# EXERCISE OBJECTIVE:
Print exactly the lines that run from the one containing "Bloque de un" to the final line of the data, both included, and print none of the pictures.

# EXERCISE DATA:
——————————
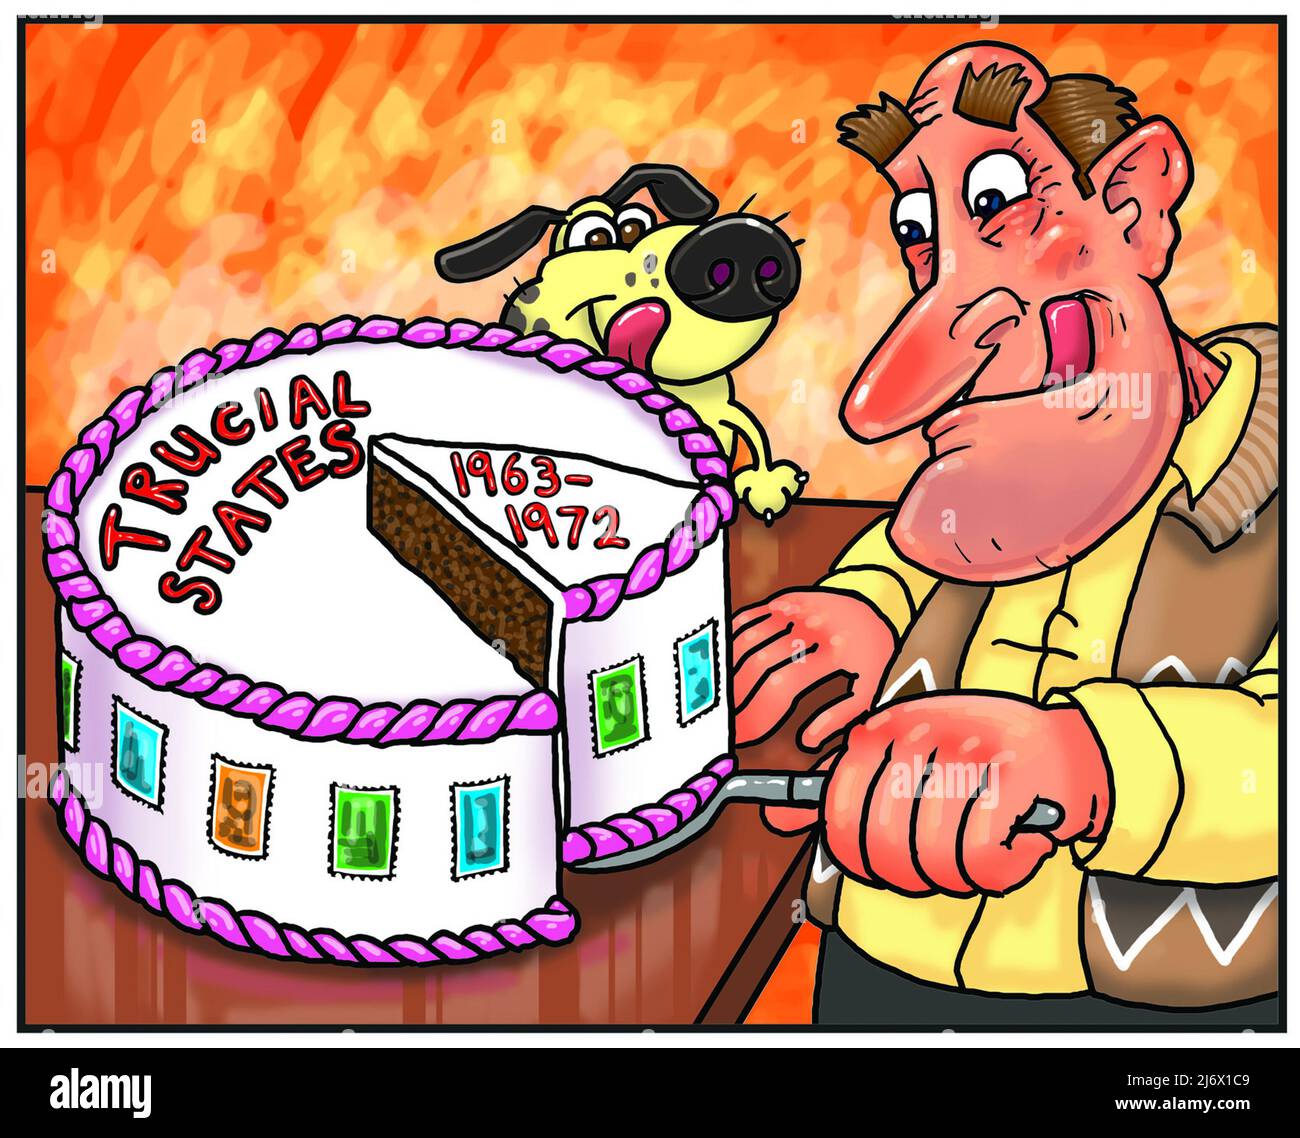 Drôle de dessin animé art de l'homme trancher un gâteau avec les mots Trucial States 1963-1972 illustrant l'appel des États Trucial timbre collectant philatélie Banque D'Images
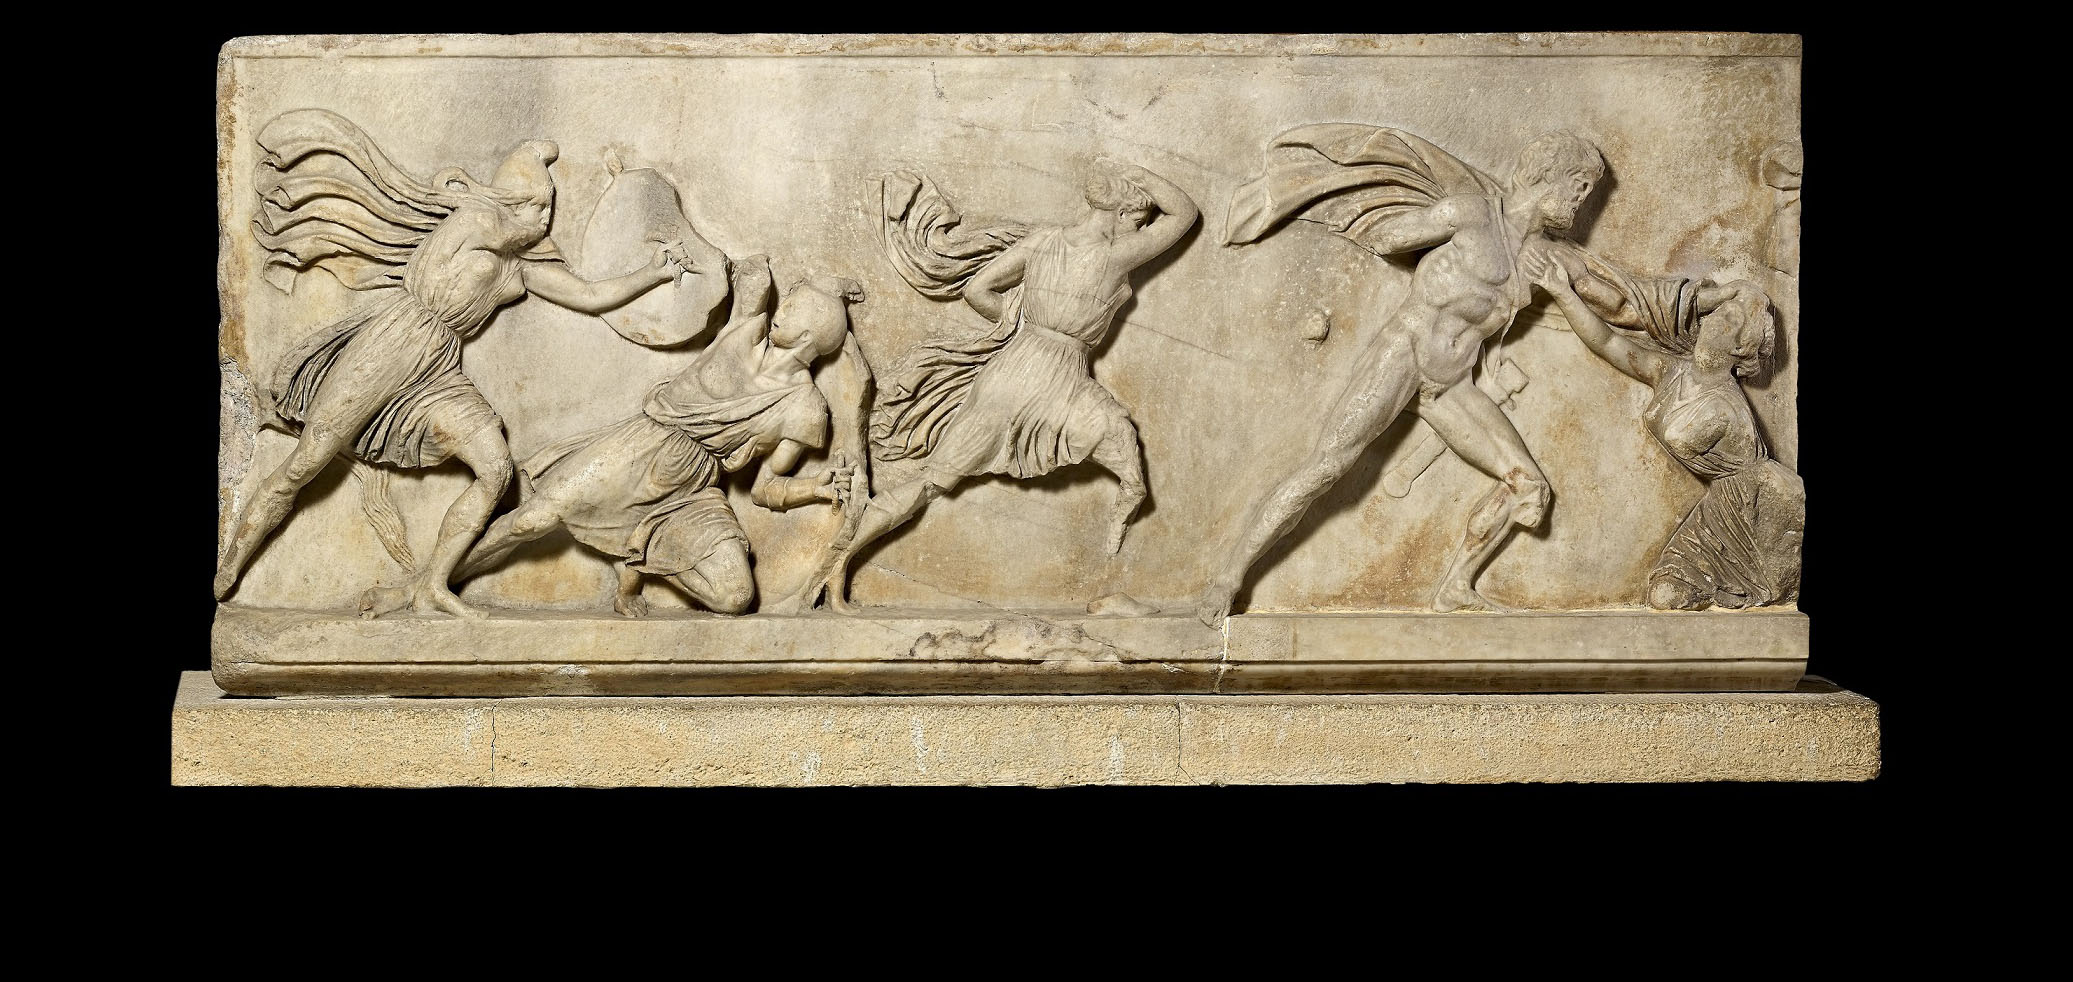 Bloque de un friso con una batalla entre griegos y amazones. Relieve de mármol. c. 350 a. C. Hallado en Mausoleo de Halicarnaso, actual Turquía © The Trustees of the British Museum.
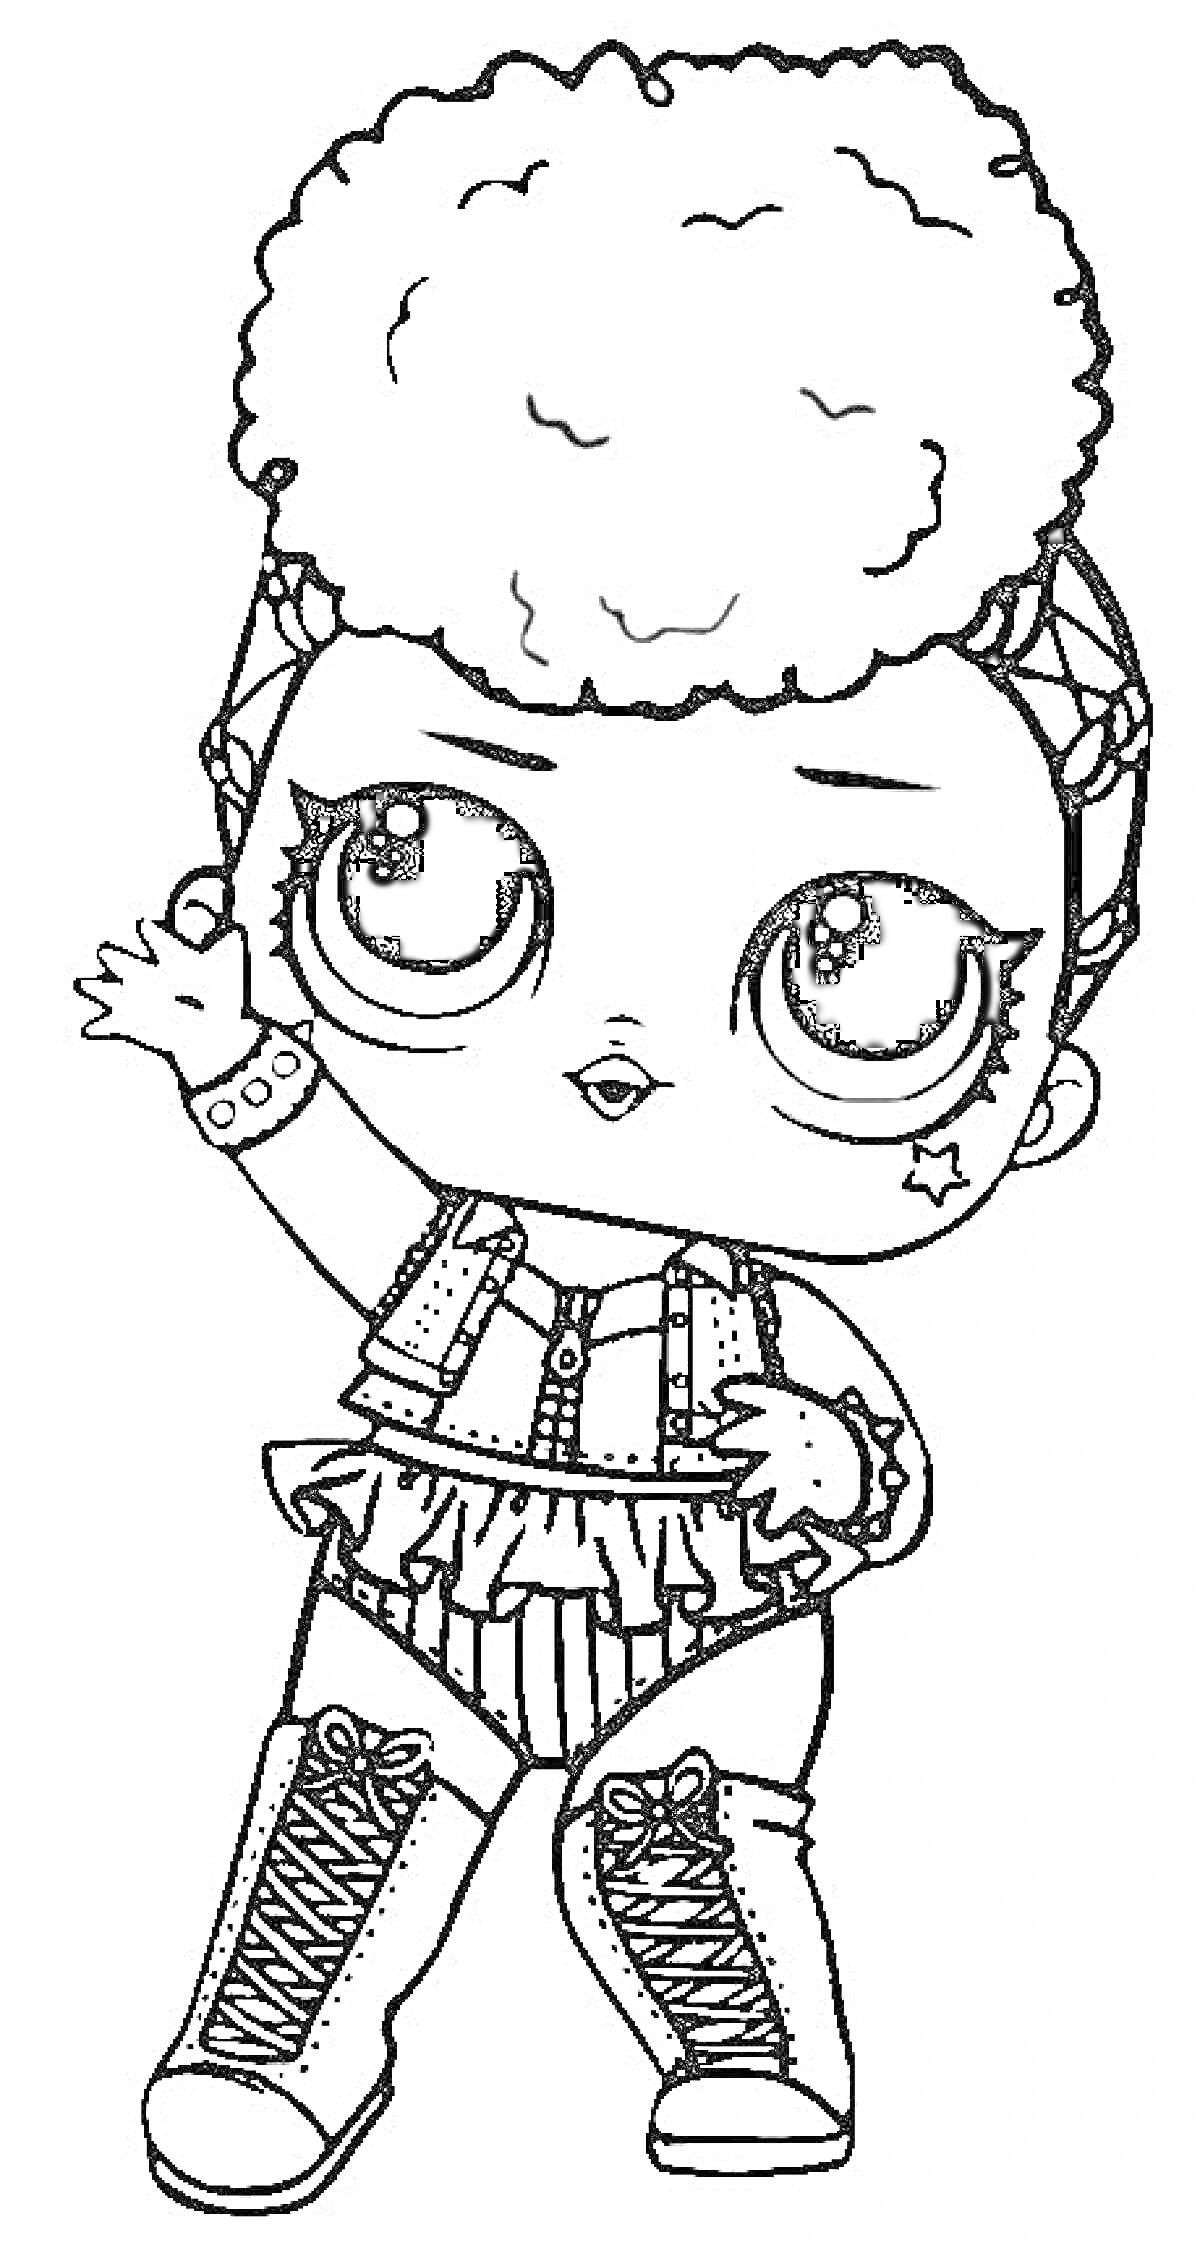 Раскраска Кукла Лол с объемными волосами, в жилетке с бахромой, высоких ботинках и браслетом, с бантом на голове, звездочкой на щеке и поднятой рукой
——————————
# OUTPUT BELOW:
 Bloque de un friso con una batalla entre griegos y amazones. Relieve de mármol. c. 350 a. C. Hallado en Mausoleo de Halicarnaso, actual Turquía © The Trustees of the British Museum.
 Раскраска Кукла Лол с объемными волосами, в жилетке с бахромой, высоких ботинках и браслетом, с бантом на голове, звездочкой на щеке и поднятой рукой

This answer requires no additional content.